What to work on:
The whole listing below, with no pictures, is to be repeated as it stands.

Data provided:
########################################
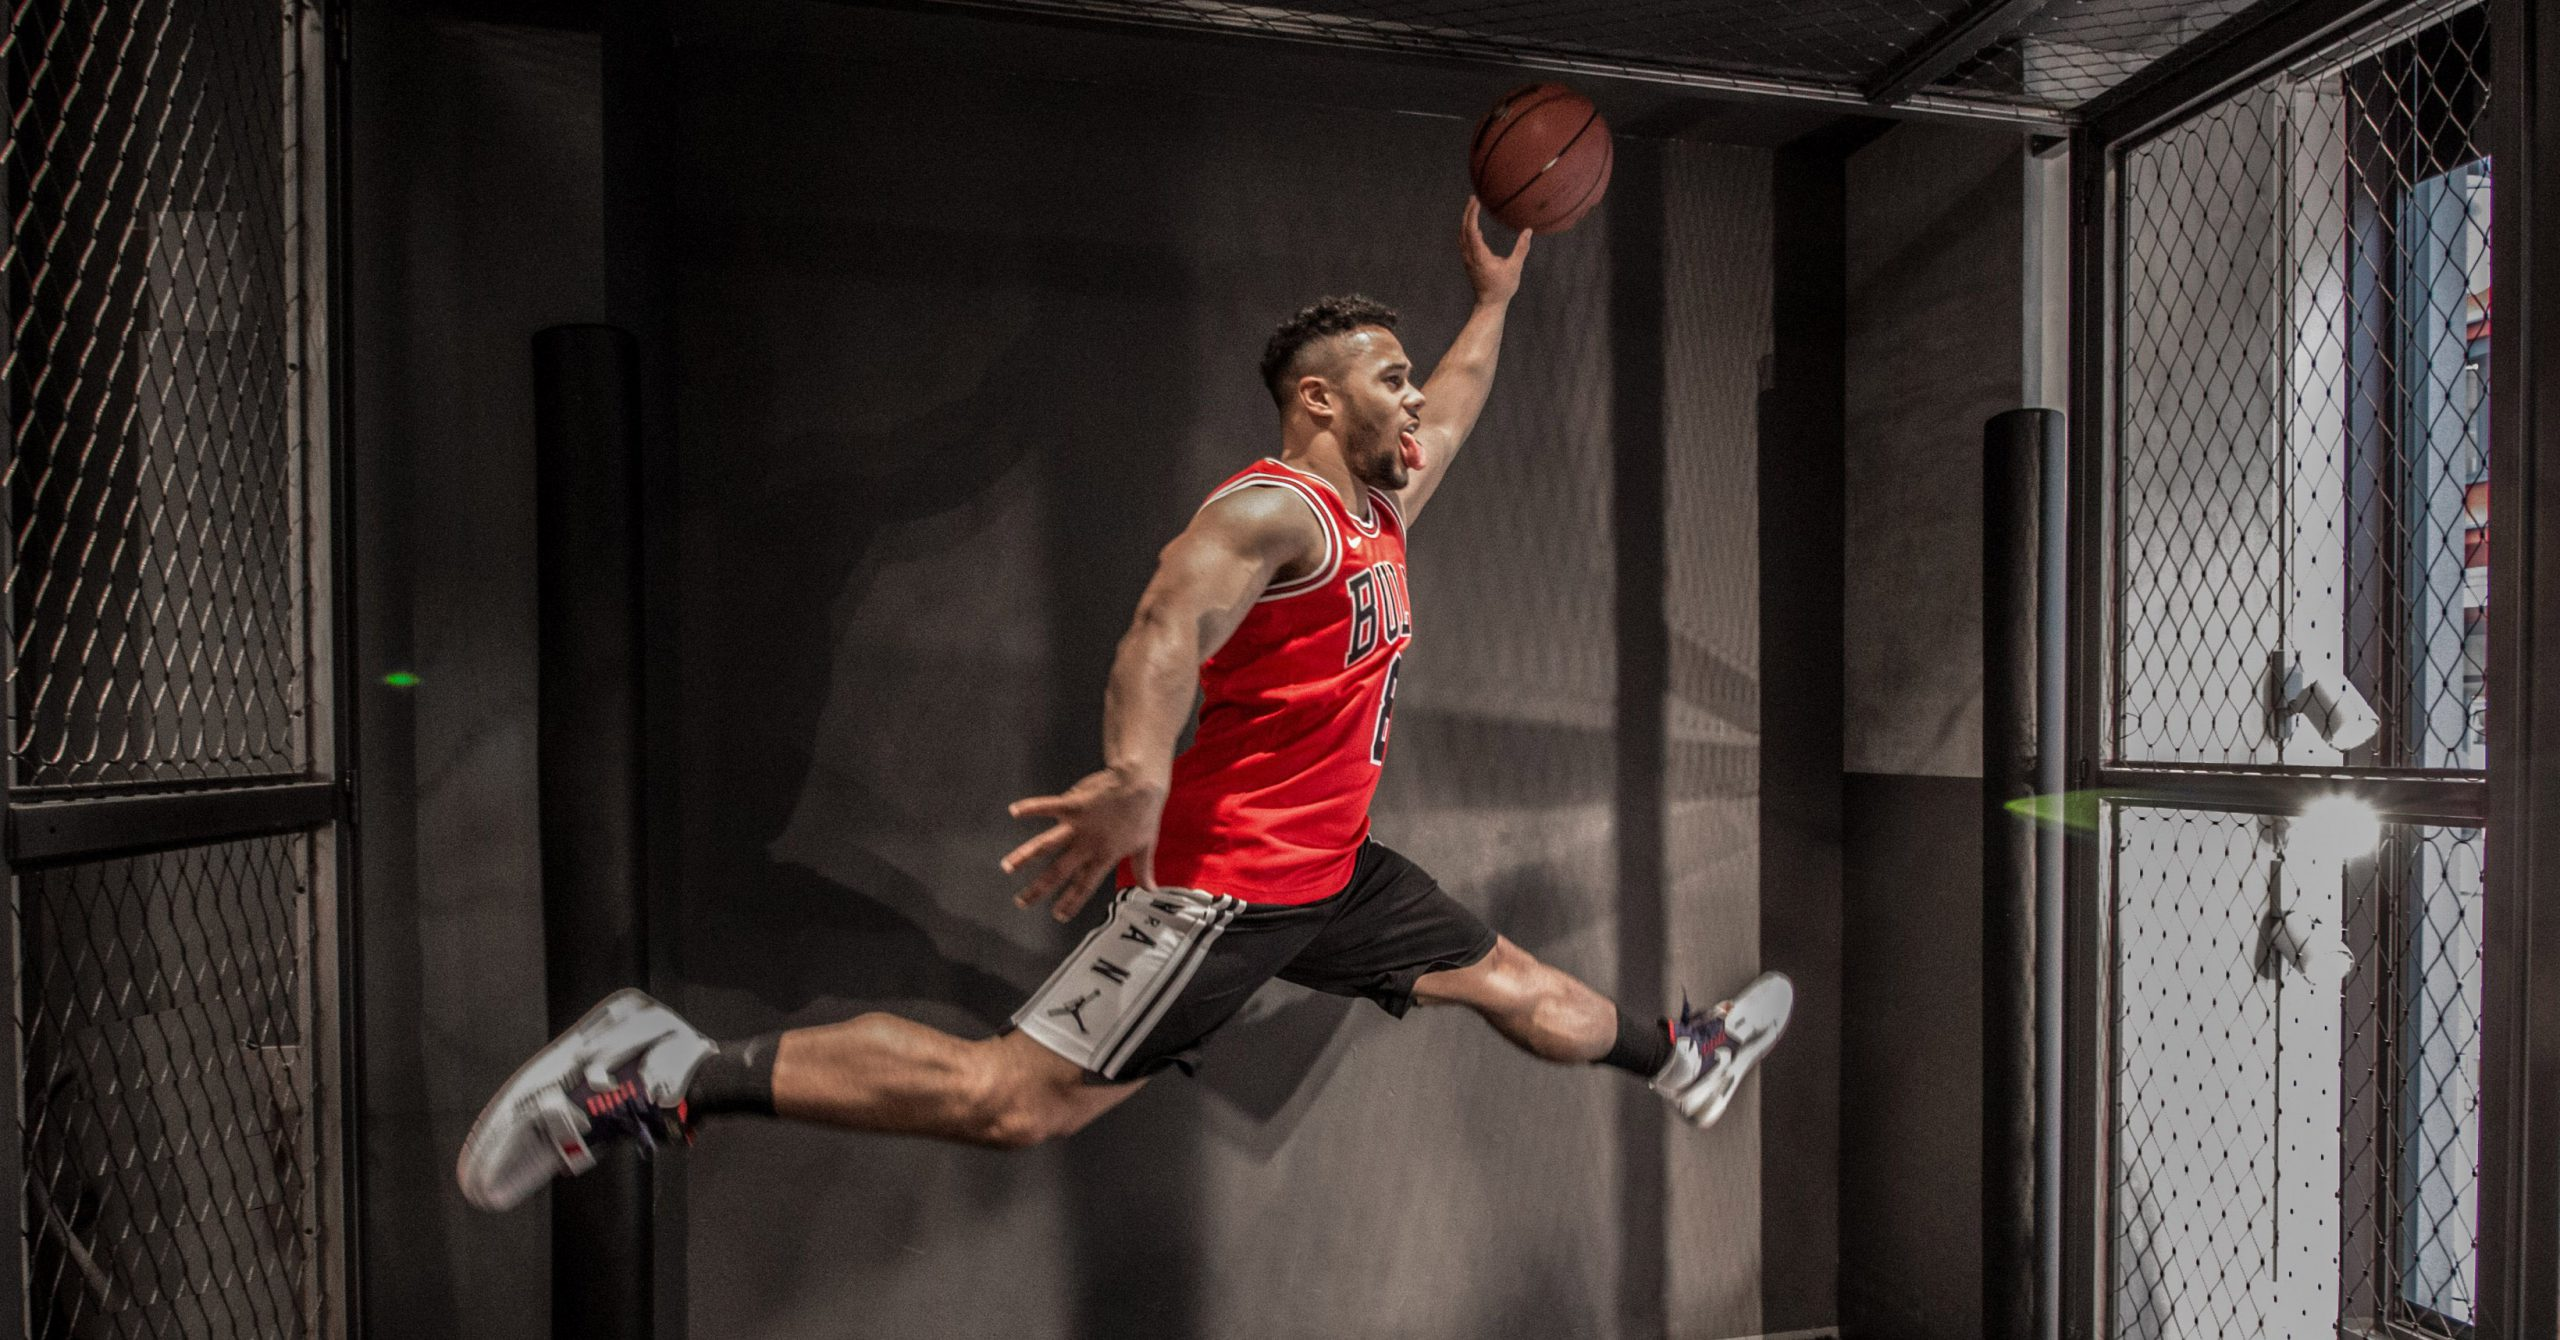 NEW IN: Jordan
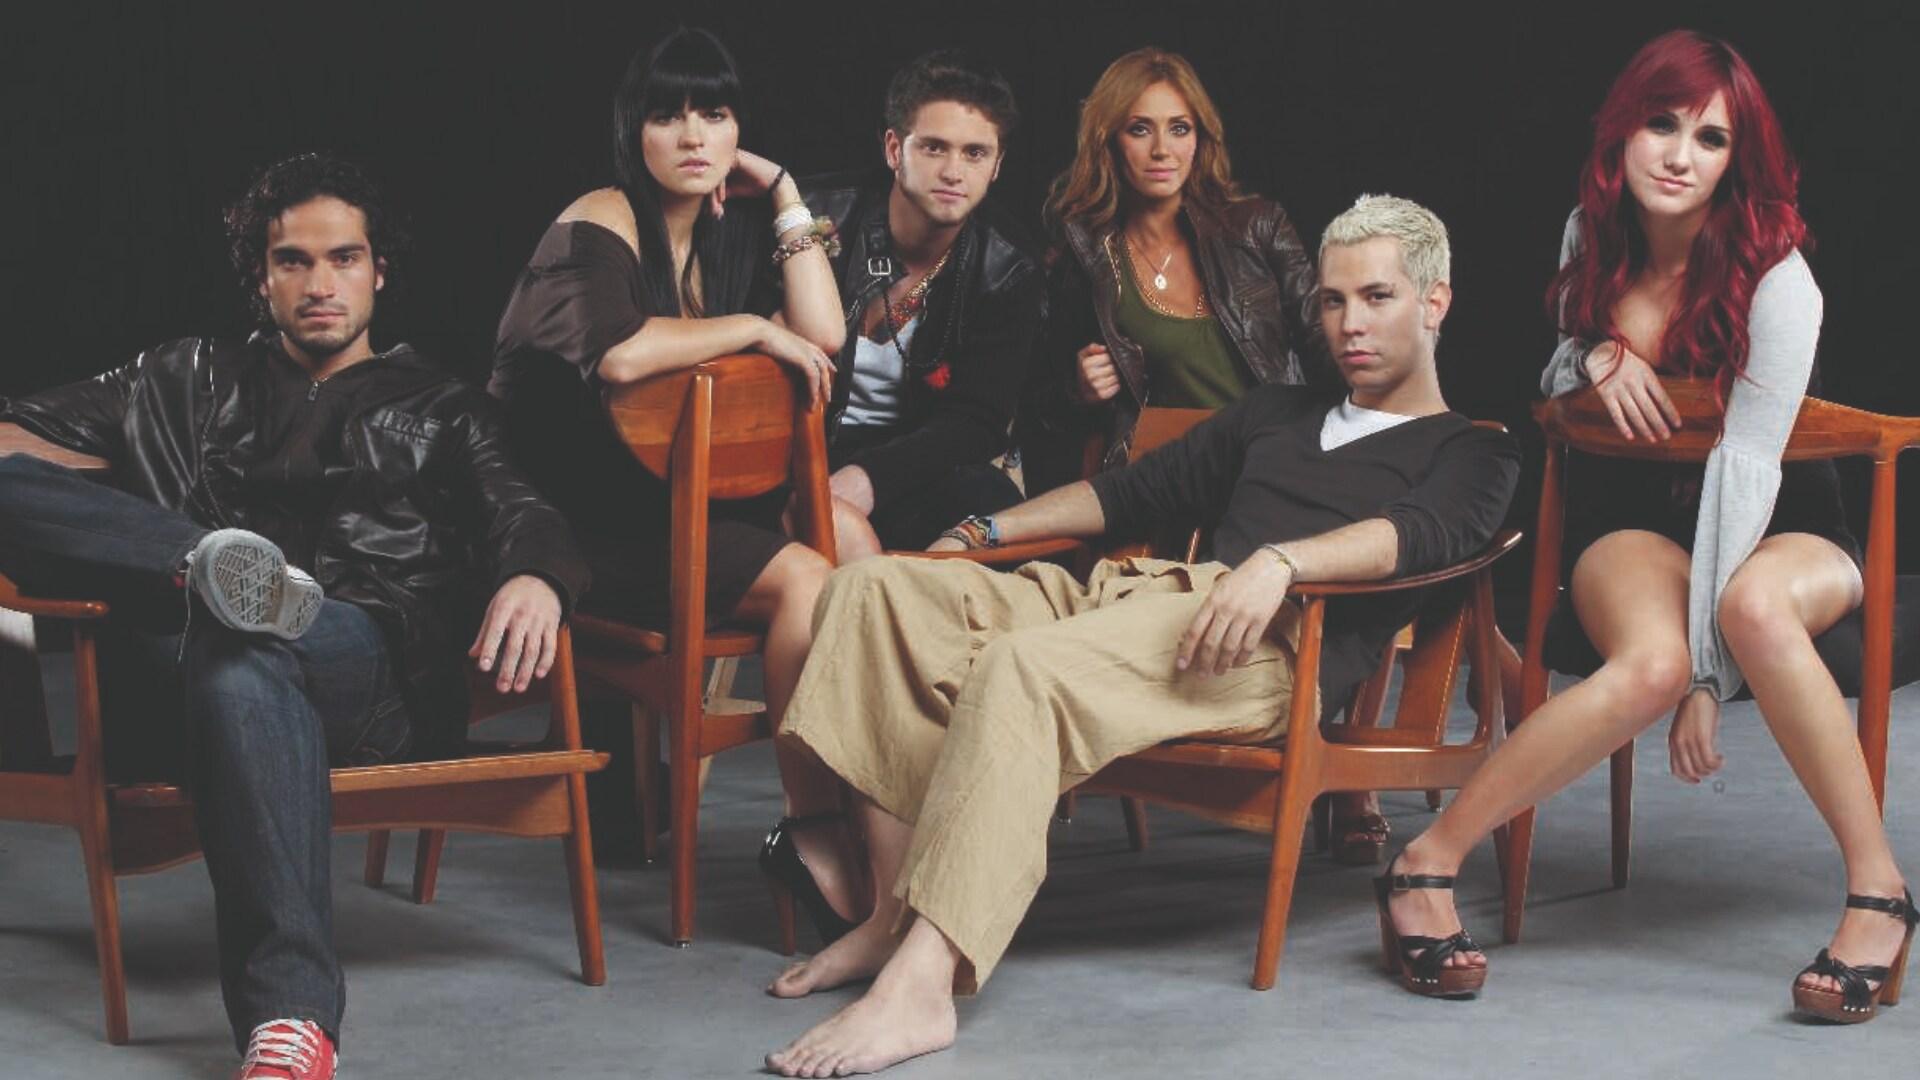 Los videos y la música de RBD ahora disponibles
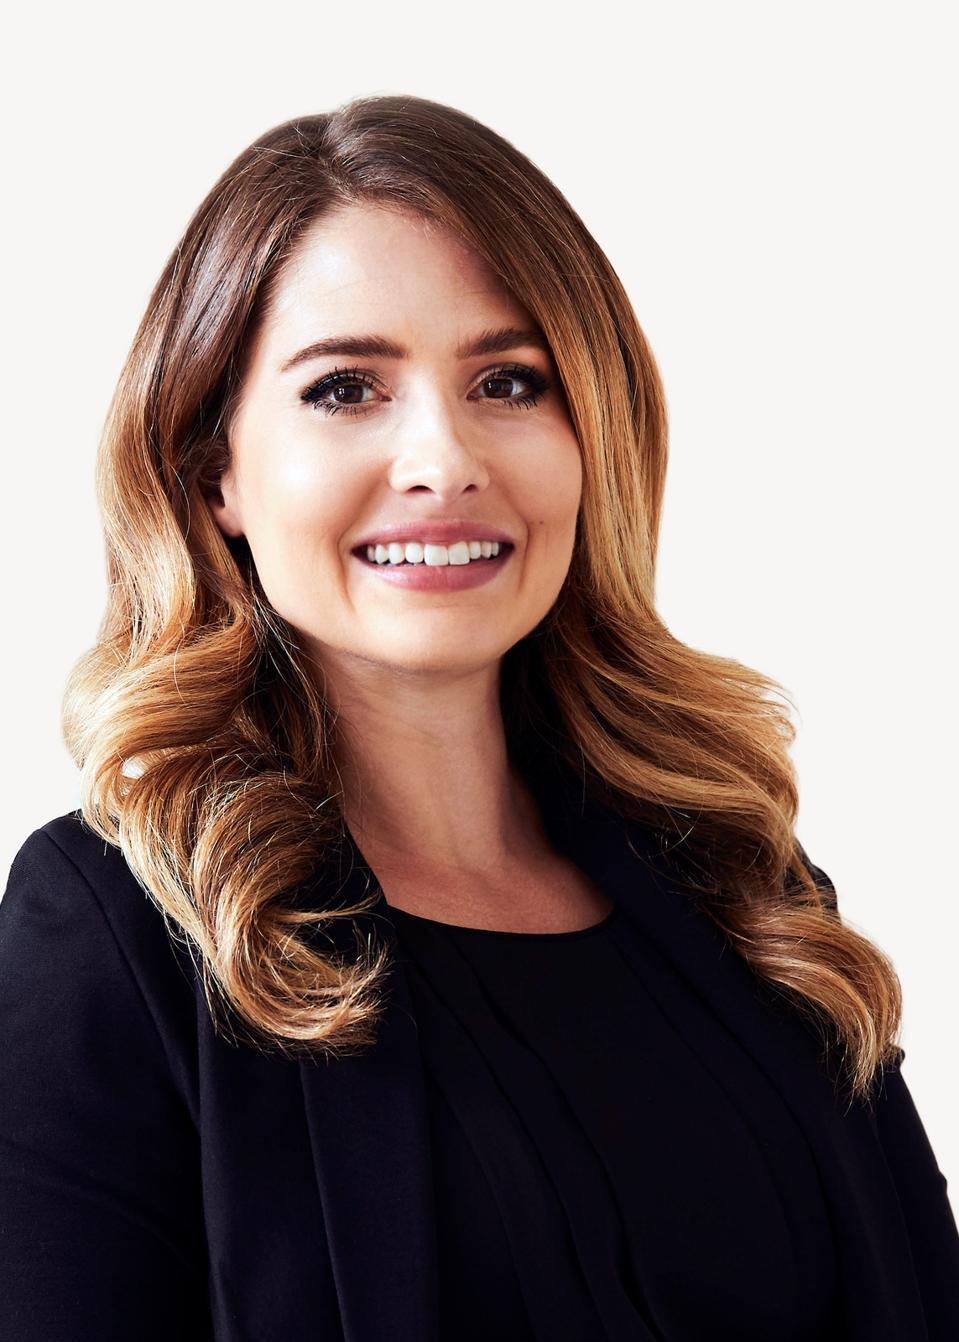 Lauren Joyner is the founder of LOCA Food.
########################################
Solution to the exercise:
 NEW IN: Jordan
 Los videos y la música de RBD ahora disponibles
 Lauren Joyner is the founder of LOCA Food.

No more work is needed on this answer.